The Petitions of the Week column highlights some of the cert petitions recently filed in the Supreme Court. A list of all petitions we’re watching is available here.
In its 2000 decision in Hill v. Colorado, the Supreme Court upheld a Colorado law enacted to prevent groups or individuals who oppose abortion from protesting, handing out materials, or speaking to patients, doctors, or staff outside of medical facilities that offer the procedure. Two years ago, when the court overruled the constitutional right to abortion in Dobbs v. Jackson Women’s Health Organization, Justice Samuel Alito wrote in his majority opinion that Hill has “distorted” the First Amendment. This week, we highlight petitions that ask the court to consider, among other things, whether to overrule Hill.
Abortion opponents have brought the question to the court in challenges to two cities’ bans on activism outside of clinics and hospitals.
The city of Englewood, New Jersey, passed an ordinance in 2014 that bars expressive activity of any sort in an eight-foot buffer zone outside entrances or driveways of all health care facilities. The city enacted the ordinance in response to disruptive protests outside a downtown abortion clinic.
In 2022, the Illinois city of Carbondale adopted its own ordinance. Like Englewood, Carbondale chose eight feet as the important metric. But under its regulation, the buffer zones center not on entrances but on people, barring activists from standing closer than eight feet from anyone entering or leaving a medical facility within 100 feet of the building. Carbondale’s city council enacted its ordinance in direct response to Dobbs.
The eight-foot distance in both ordinances is no coincidence. Anti-abortion groups say their members need to be able to get close enough to patients to make eye contact while they advocate against abortion. The Colorado law upheld by the court in Hill created floating, eight-foot buffer zones that shield those walking in and out of health care facilities from such expressive activity. Indeed, Carbondale’s ordinance is essentially — and as the city council’s remarks around its enactment suggest, intentionally — a carbon copy of Colorado’s law.

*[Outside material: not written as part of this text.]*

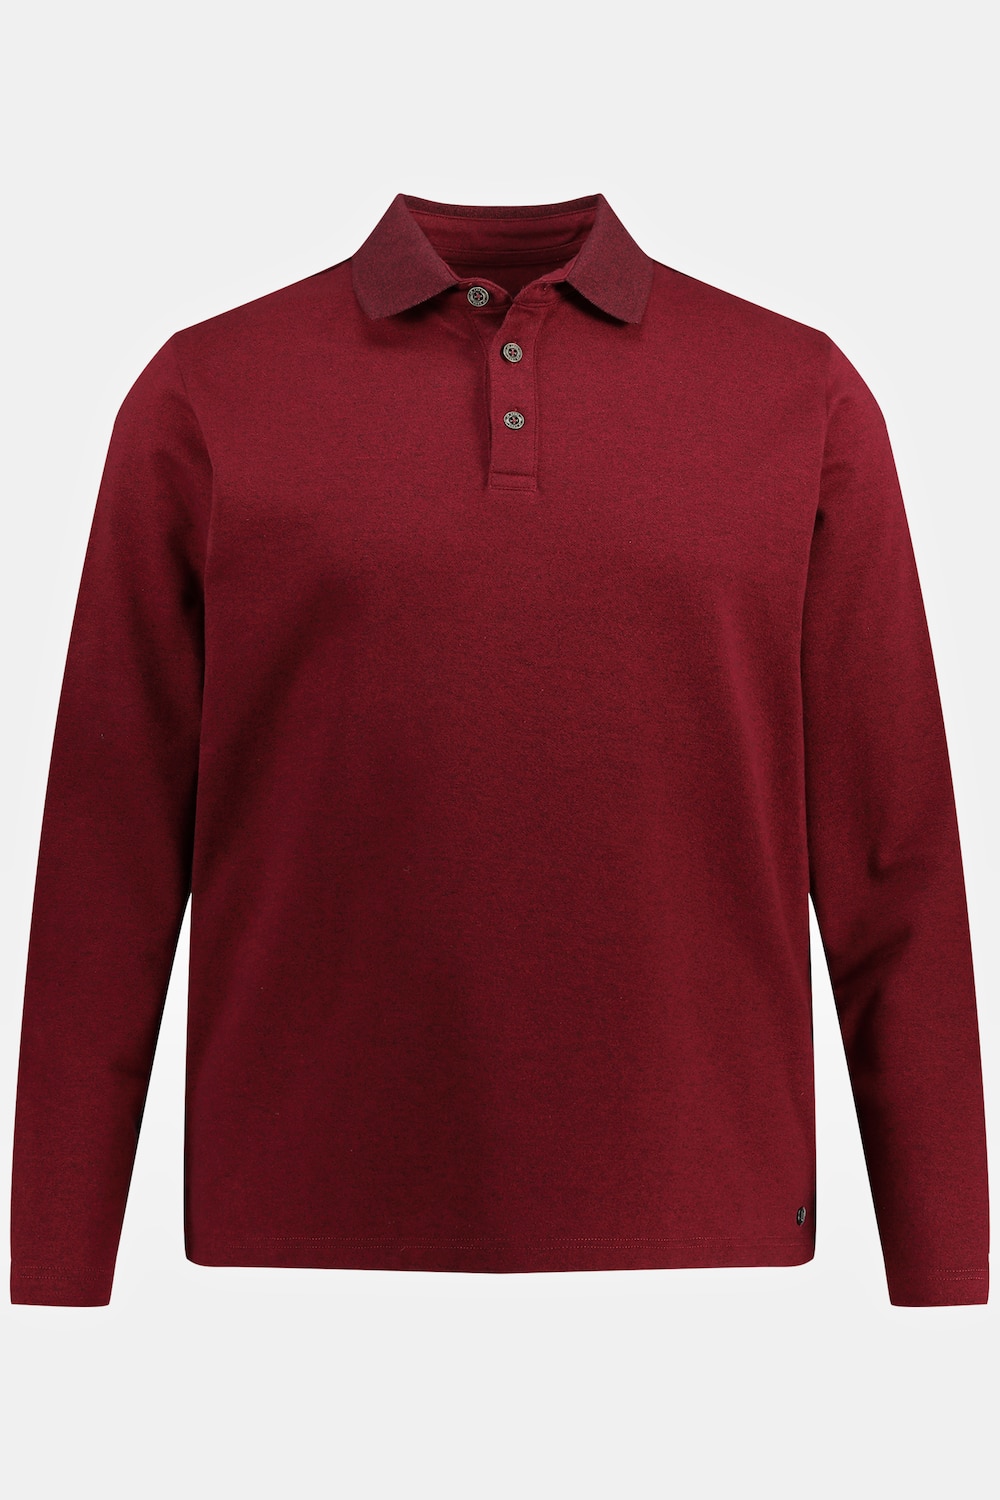 Grote Maten Poloshirt, Heren, rood, Maat: 6XL, Katoen, JP1880

Anti-abortion activists went to court to challenge both city’s ordinances. In Englewood, local resident Jeryl Turco has been litigating against her city’s regulation for nearly a decade, arguing that it frustrates her ability to share her religious opposition to abortion with patients entering the downtown abortion clinic. And after Carbondale enacted its ordinance, Missouri-based nonprofit Coalition Life asked a federal district court in Illinois to suspend it, contending that the city had made it nearly impossible for its members to travel to the city and speak to people outside its two largest abortion clinics, both located within 100 feet of busy streets and highways.

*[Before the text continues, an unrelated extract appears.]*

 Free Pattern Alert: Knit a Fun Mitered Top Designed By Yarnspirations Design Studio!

In contrast to the unruly anti-abortion demonstrations that inspired the Englewood law, both Turco and the members of Coalition Life describe their efforts as “sidewalk counseling,” a practice focused on individual, one-on-one conversation, rather than large-scale picketing or protest.
Federal district courts ultimately rebuffed the challenges to both cities’ ordinances. And the U.S. Courts of Appeals for the 3rd and 7th Circuits — which cover New Jersey and Illinois, respectively — affirmed those rulings.
In Turco v. City of Englewood, New Jersey, and Coalition Life v. City of Carbondale, Illinois, Turco and Coalition Life ask the justices to overrule their prior decision in Hill. Characterizing that ruling as a dead letter, they emphasize the court’s repeated efforts to cabin Hill since it was issued over 20 years ago – including both a 2014 decision striking down a Massachusetts law that created 35-foot buffer zones outside medical facilities, and the passage in Dobbs that called Hill into question. The time has come, the challengers argue, for the justices to jettison Hill and make clear that ordinances like those in Englewood and Carbondale are unconstitutional.
Turco v. City of Englewood, New Jersey
23-1189
Issues: (1) Whether the City of Englewood’s speech-free buffer zones, including zones outside an abortion clinic, violate the First Amendment; and (2) whether the Supreme Court should overrule Hill v. Colorado.
United States v. Brewbaker
23-1365
Issue: Whether the existence of a vertical relationship between competing bidders precluded the application of Section 1 of the Sherman Act’s established per se rule against horizontal bid-rigging to respondent’s conduct.
Coalition Life v. City of Carbondale, Illinois
24-57
Issue: Whether the Supreme Court should overrule Hill v. Colorado.
Meadows v. Georgia
24-97
Issue: Whether the right to remove an action against “any officer … for or relating to any act under color of such office,” 28 U.S.C. §1442(a)(1), evaporates when the officer leaves federal office.
Miller v. MBC Development, LP
24-246
Issue: Whether the Federal Arbitration Act preempts state statutes providing that a certain type of claim is exclusively subject to judicial review, when the parties to the dispute have expressly agreed to arbitrate all such claims between them.